The task:
For this task, extract exactly the lines of the data below, from the line containing "anger as modi" through the last one, with pictures left out.

Recorded information:
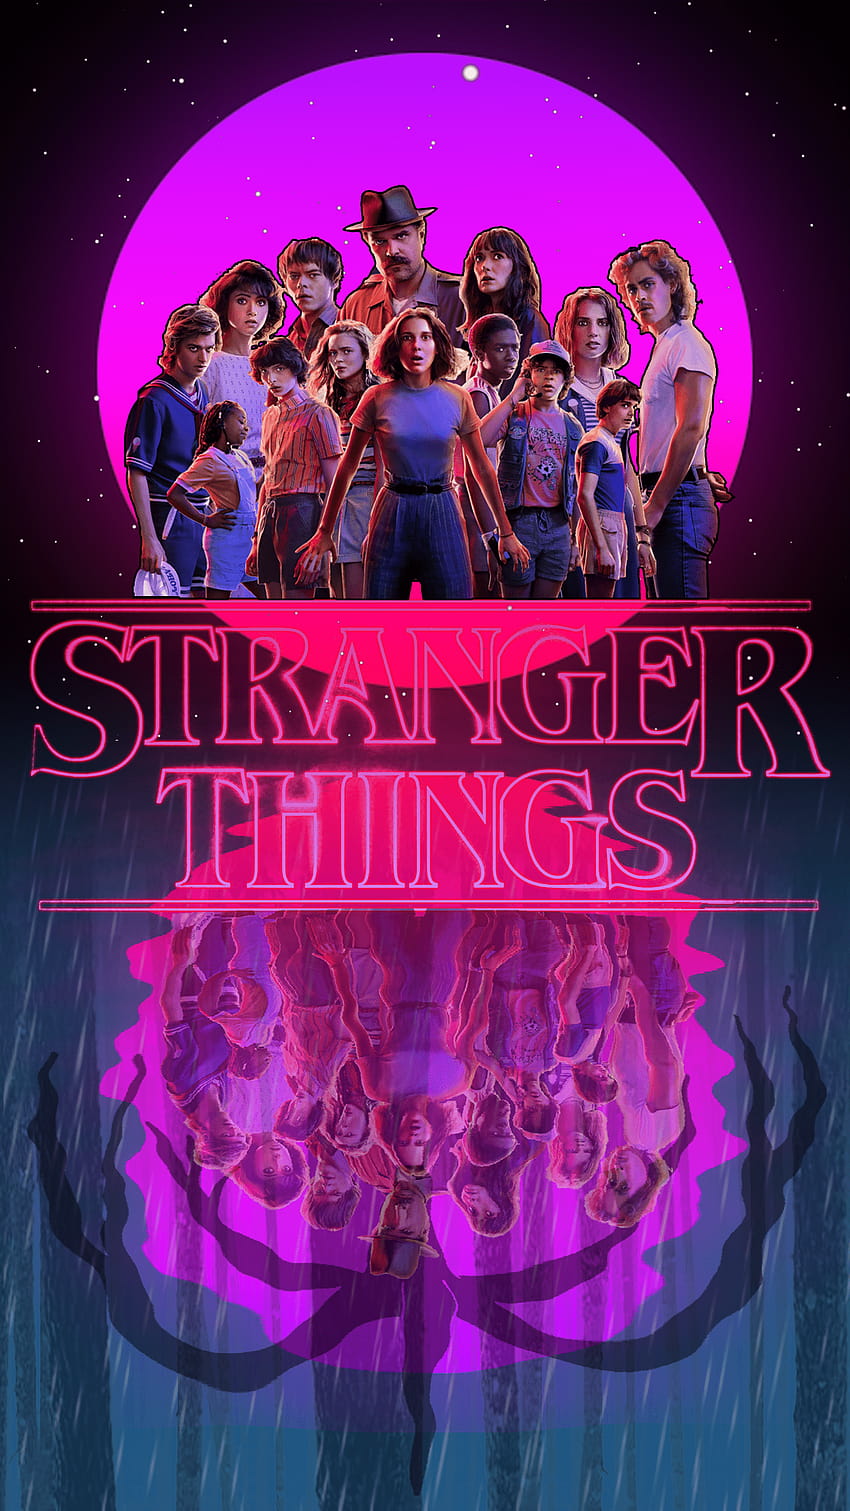 10 Awesome Stranger Things Wallpapers  There are others 1  Fab Mood   Wedding Colours Wedding Themes Wedding colour palettes
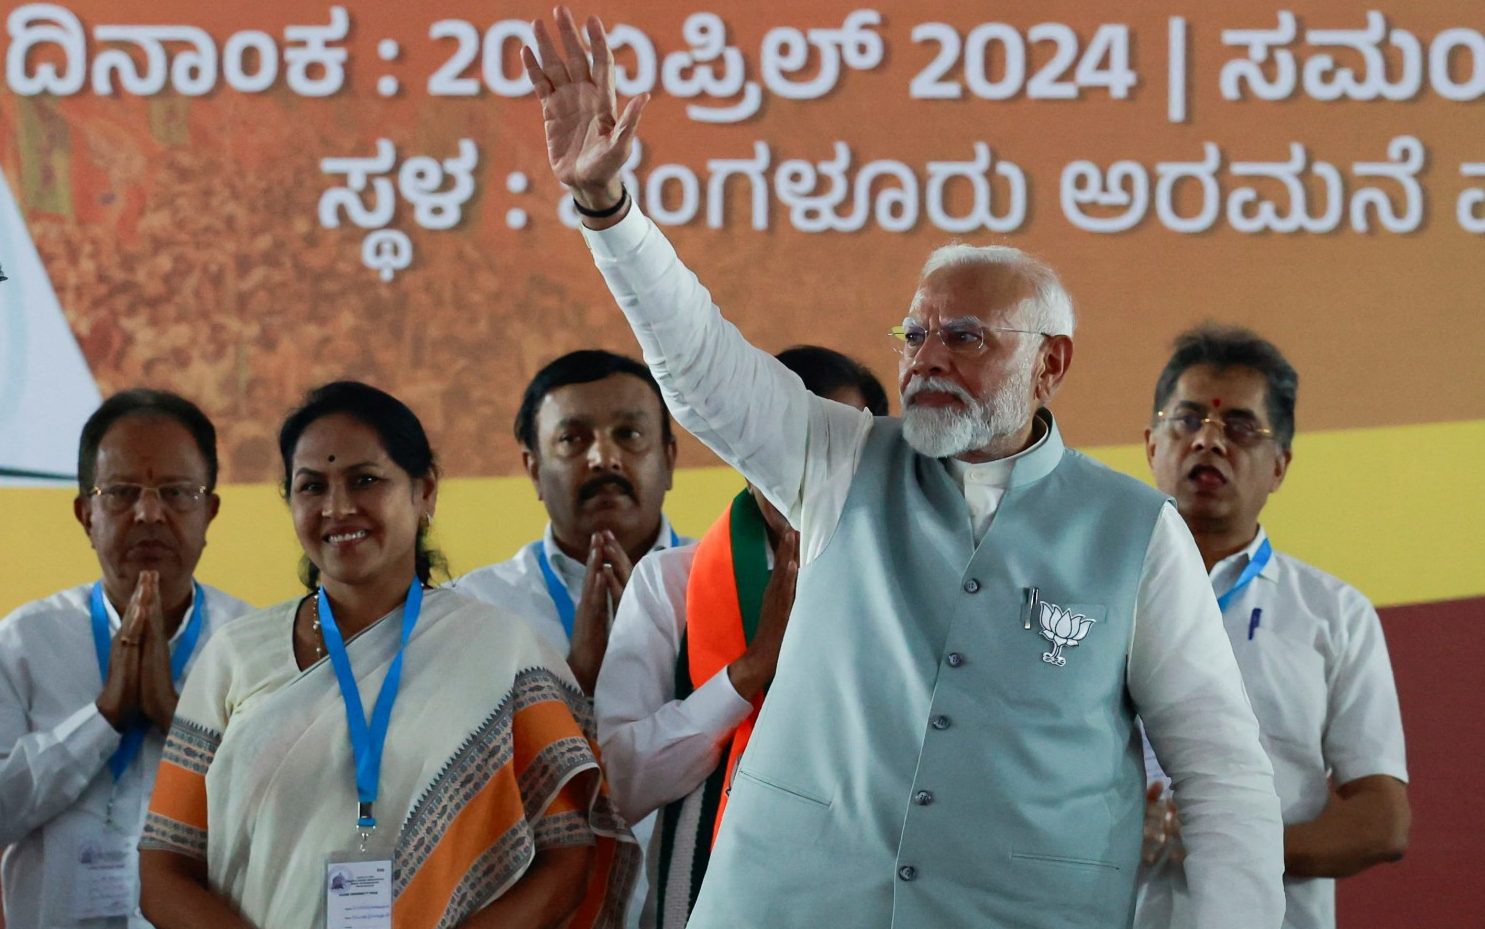 anger as modi rails against muslim ‘infiltrators’ with ‘lots of children’
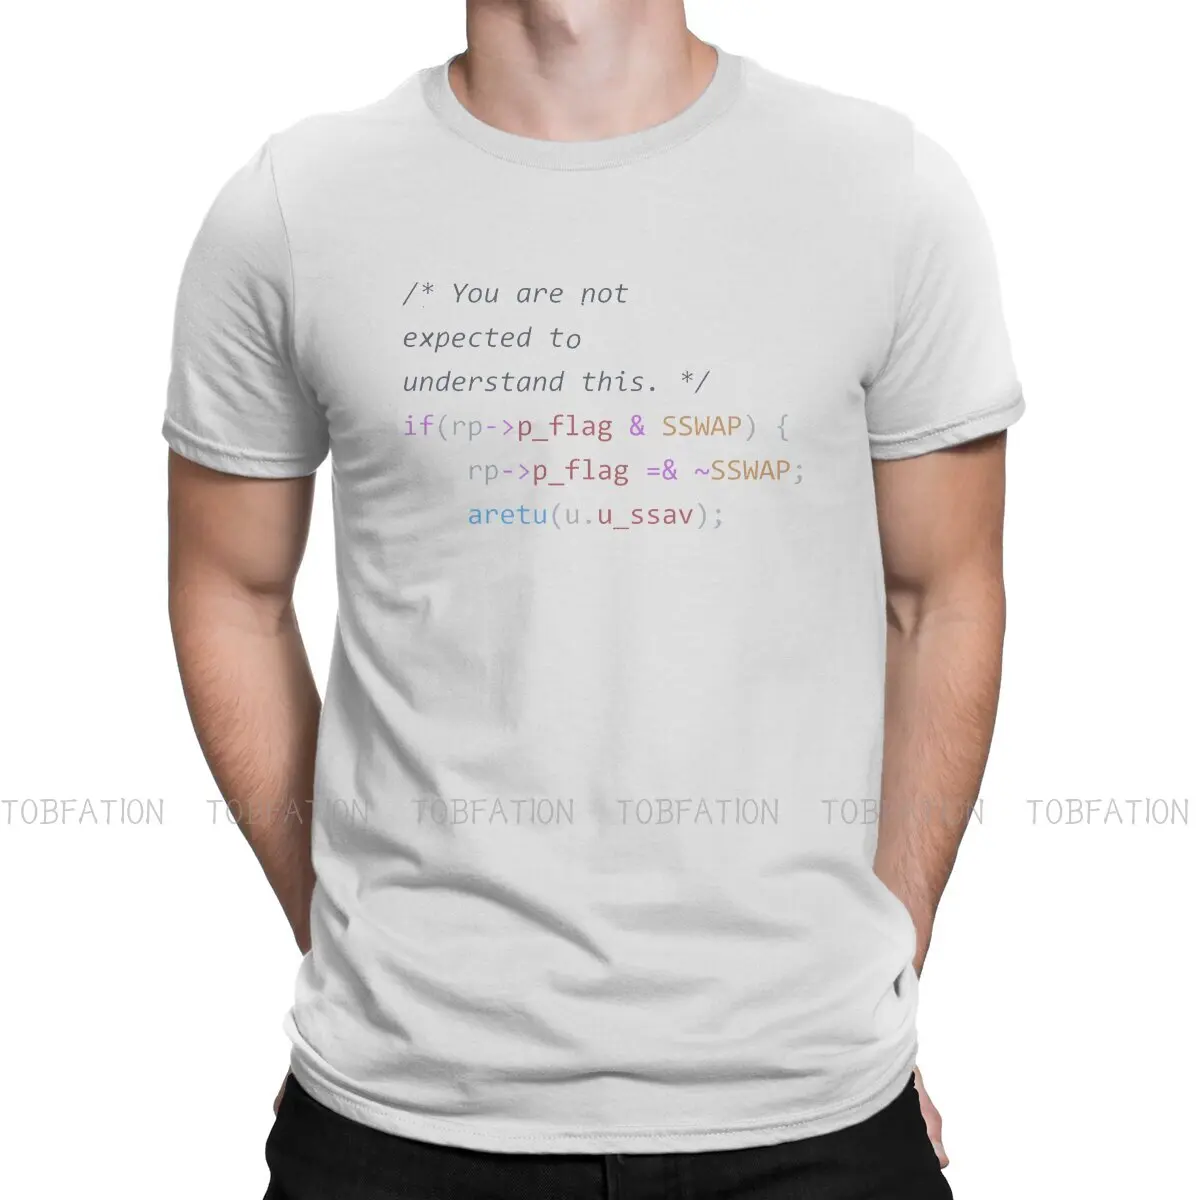 

Linux GNU Minix Unix 100% Cotton TShirts You Are Not Expected to UnderstandThis Code in C Programming Language Homme T Shirt 6XL

Answer to this task:
 anger as modi rails against muslim ‘infiltrators’ with ‘lots of children’

Linux GNU Minix Unix 100% Cotton TShirts You Are Not Expected to UnderstandThis Code in C Programming Language Homme T Shirt 6XL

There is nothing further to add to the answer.